Thursday 27 June 2013

History

See also: History of OpenOffice.org and History of Go-oo Initial release LibreOffice Writer

On 28 September 2010, several members of the OpenOffice.org project formed a new group called "The Document Foundation". The Document Foundation created LibreOffice from their former project in response to Oracle Corporation's purchasing of Sun Microsystems over concerns that Oracle would either discontinue OpenOffice.org, or place restrictions on it as an open source project, as it had on Sun's OpenSolaris.

It was originally hoped that the LibreOffice name would be provisional, as Oracle was invited to become a member of The Document Foundation. Oracle rejected requests to donate the OpenOffice.org brand to the project and demanded that all members of the OpenOffice.org Community Council involved with The Document Foundation step down from the OOo Community Council, citing a conflict of interest.

LibreOffice was initially named BrOffice in Brazil. OpenOffice.org was distributed as BrOffice.org by the BrOffice Centre of Excellence for Free Software because of a trademark issue.

Another fork of OpenOffice.org, Go-oo, merged into LibreOffice very early on. Since most Linux distributions already used Go-oo (and just called it OpenOffice) that meant a large number of distributions changed to LibreOffice very early since for them it meant little change. Switching back to OpenOffice would have meant a conscious change and no major distribution took that route.

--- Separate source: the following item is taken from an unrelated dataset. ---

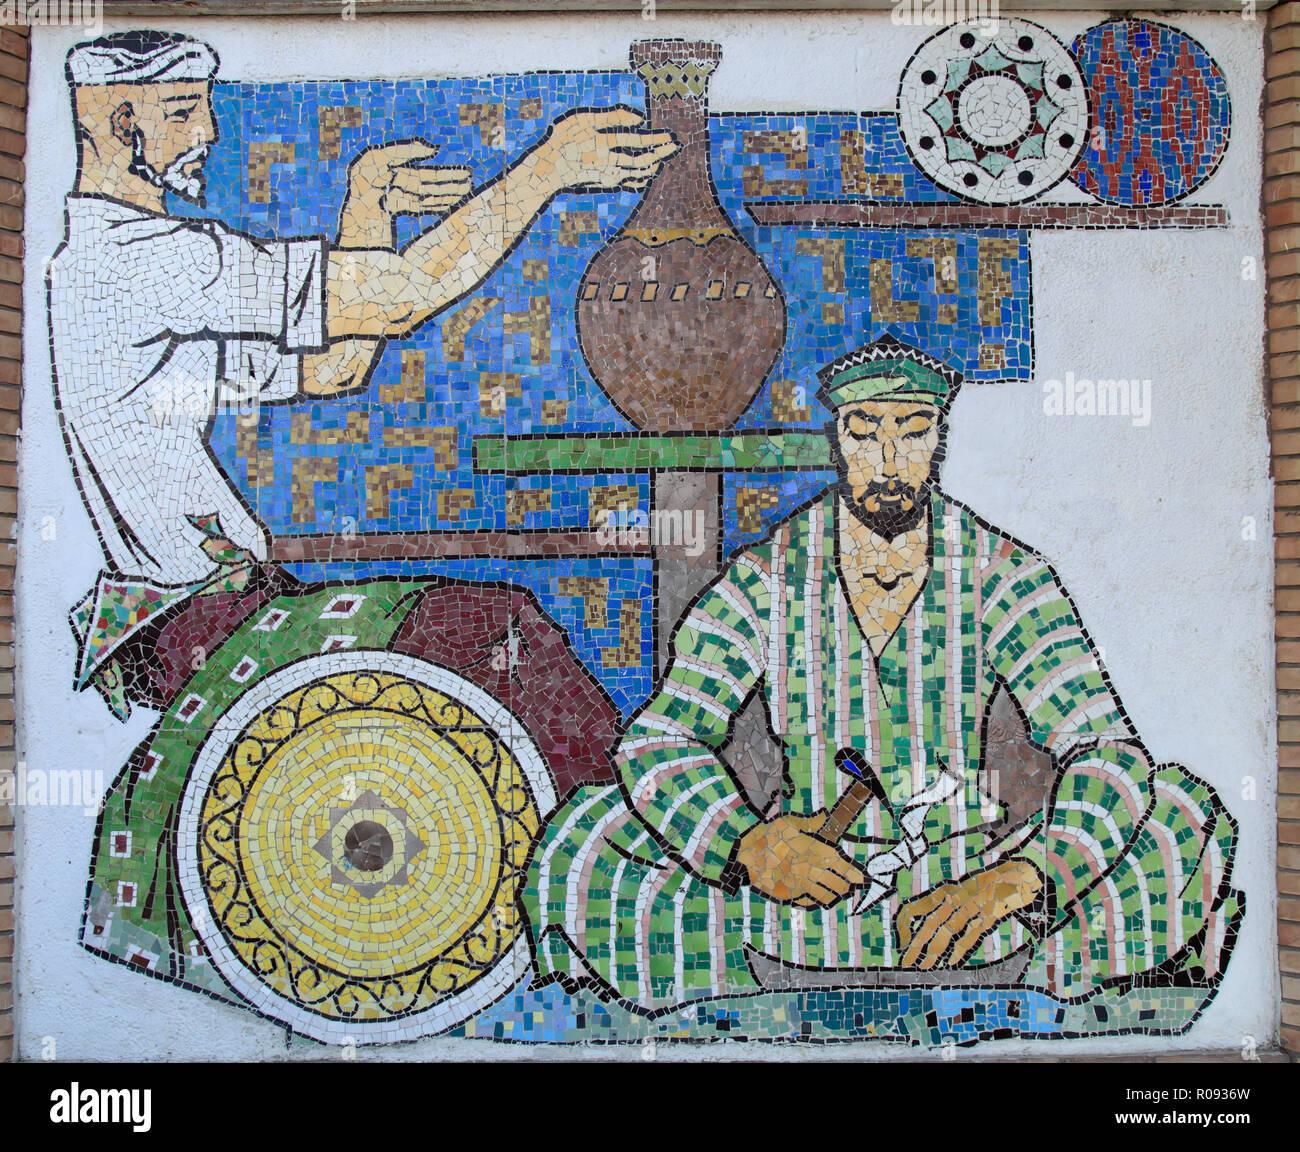 Uzbekistan Tashkent Museum Applied Arts High Resolution Stock Photography And Images Alamy

By 2013 the founding aims of The Document Foundation were achieved. Hosting infrastructure had been set-up and enlarged to cope with increased demand The Document Foundation was officially as a german non-profit foundation.

As a result of the fork of OpenOffice.org into LibreOffice, Oracle announced in April 2011 that it was ending its development of OpenOffice.org and would release the majority of its paid developers. In June 2011, Oracle announced that it would donate the OpenOffice.org code and trademark to the Apache Software Foundation, where the project was accepted for a project incubation process within the foundation.

In June 2011 Google, Free Software Foundation, Red Hat, SUSE, SPI and Freies Office Deutschland e.V. each contributed one employee to The Document Foundation's Advisory Board to serve for an initial term of one year.